ICR mice (Mus musculus) were housed at the University of Copenhagen with a standard 12 hours light/dark schedule. All experiments were performed according to ethical guidelines approved by the Danish Animal Experiments Inspectorate (Dyreforsøgstilsynet). For embryo staging, the day of vaginal plug was considered E0.5. All the embryonic stages used are stated in the main text or in the figure legends.

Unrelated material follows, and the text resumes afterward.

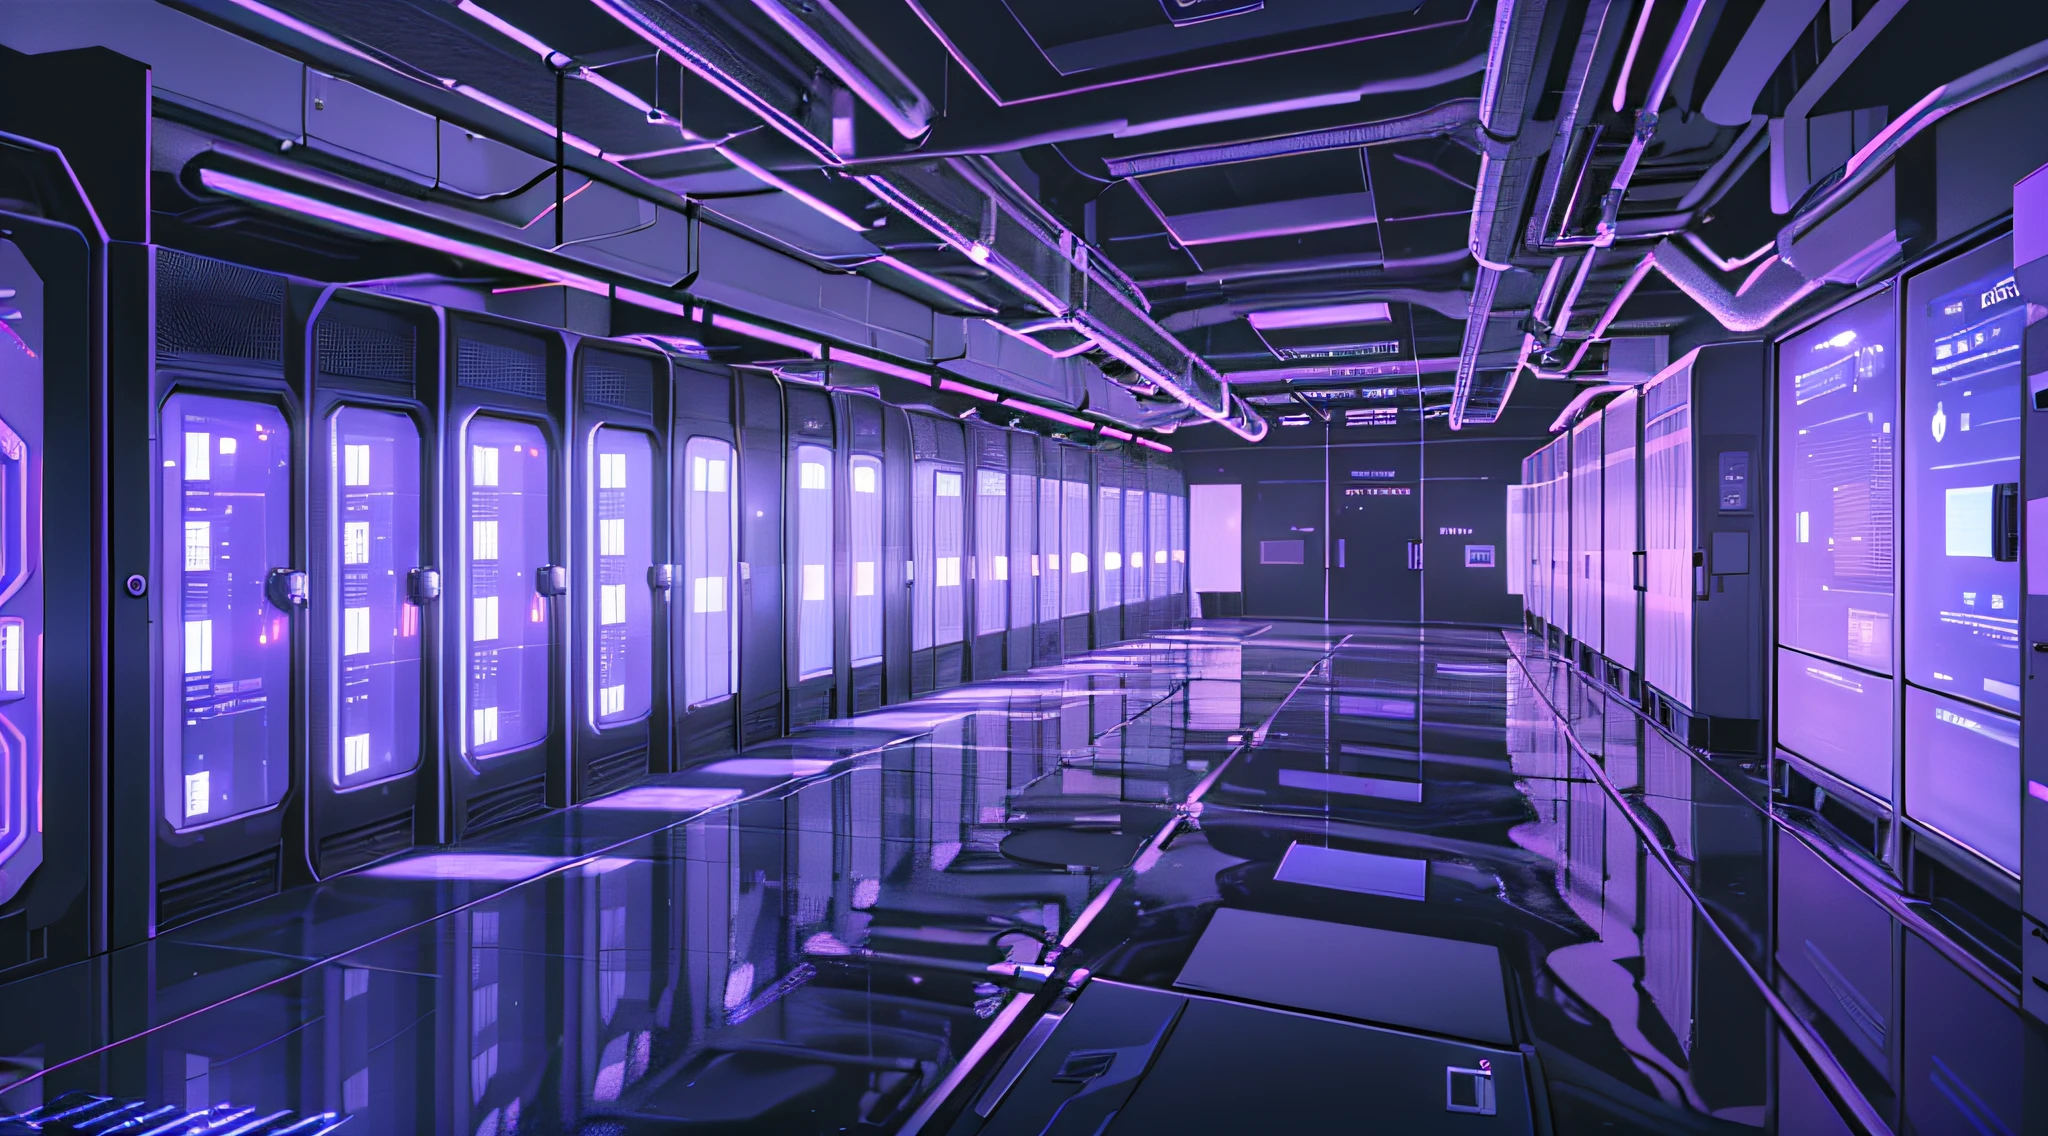 燈光昏暗的走廊上擺著一排排數據和電腦螢幕, 背景是數據伺服器機房, 侵入主機, 網路空間, 在現實的資料中心, 3840x2160, 3840 x 2160, 太空船走廊背景, 網路架構, 超現實的網路空間, 在詳細資料中心 --auto --s2 中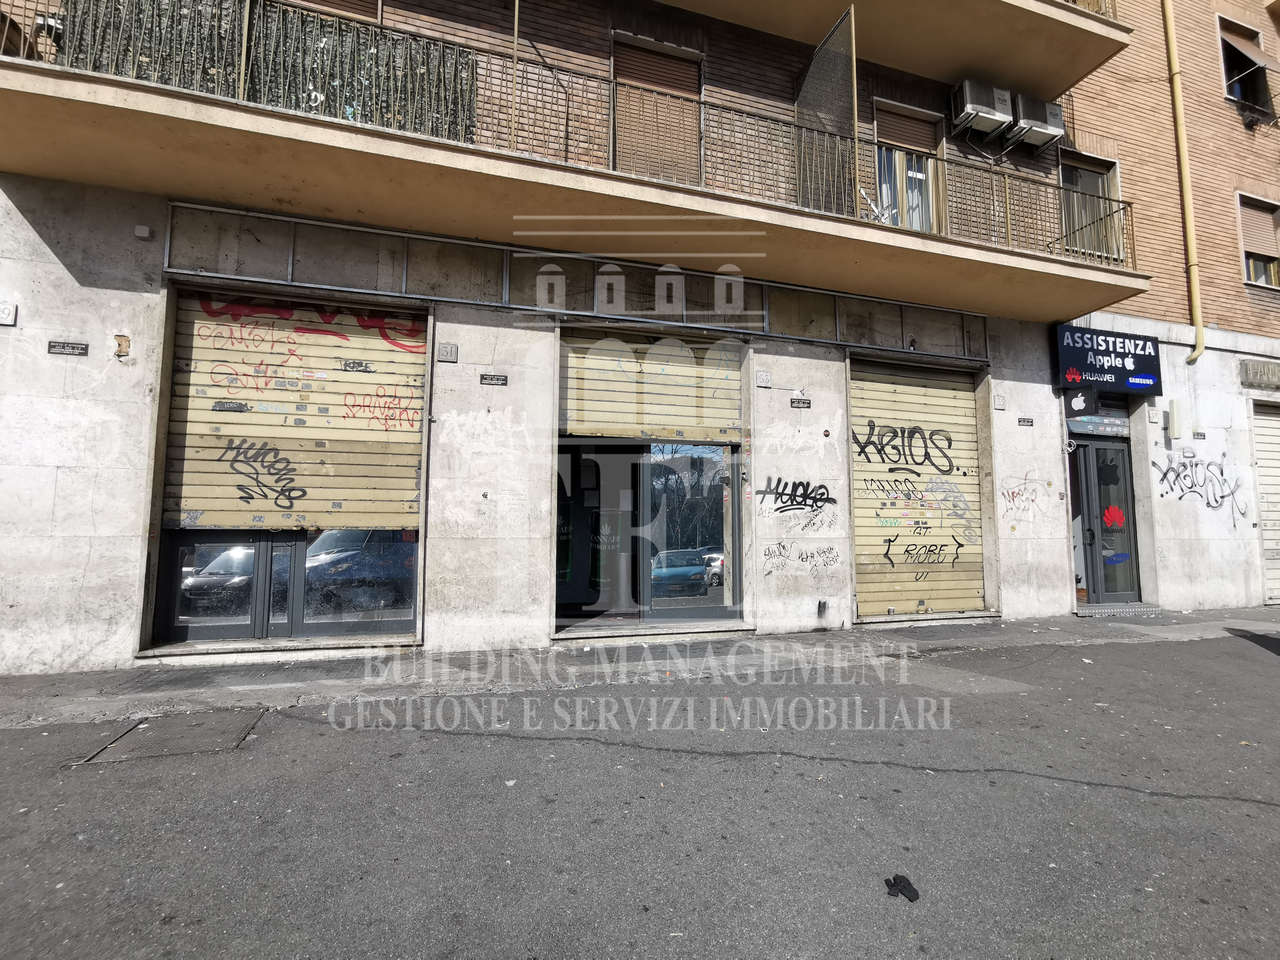 Locale commerciale in affitto in via nomentana nuova 100, Roma

Male and female embryos were used for all the experiments.
All data are presented as the mean ± SEM. Immunofluorescence images were quantified using ImageJ software. All statistical analyses of the data were done using Graphpad Prism 8 software by either unpaired t-test or one-way ANOVA followed by parametric and non-parametric tests. The differences among experimental groups were considered statistically significant when the p-value was less than 0.05.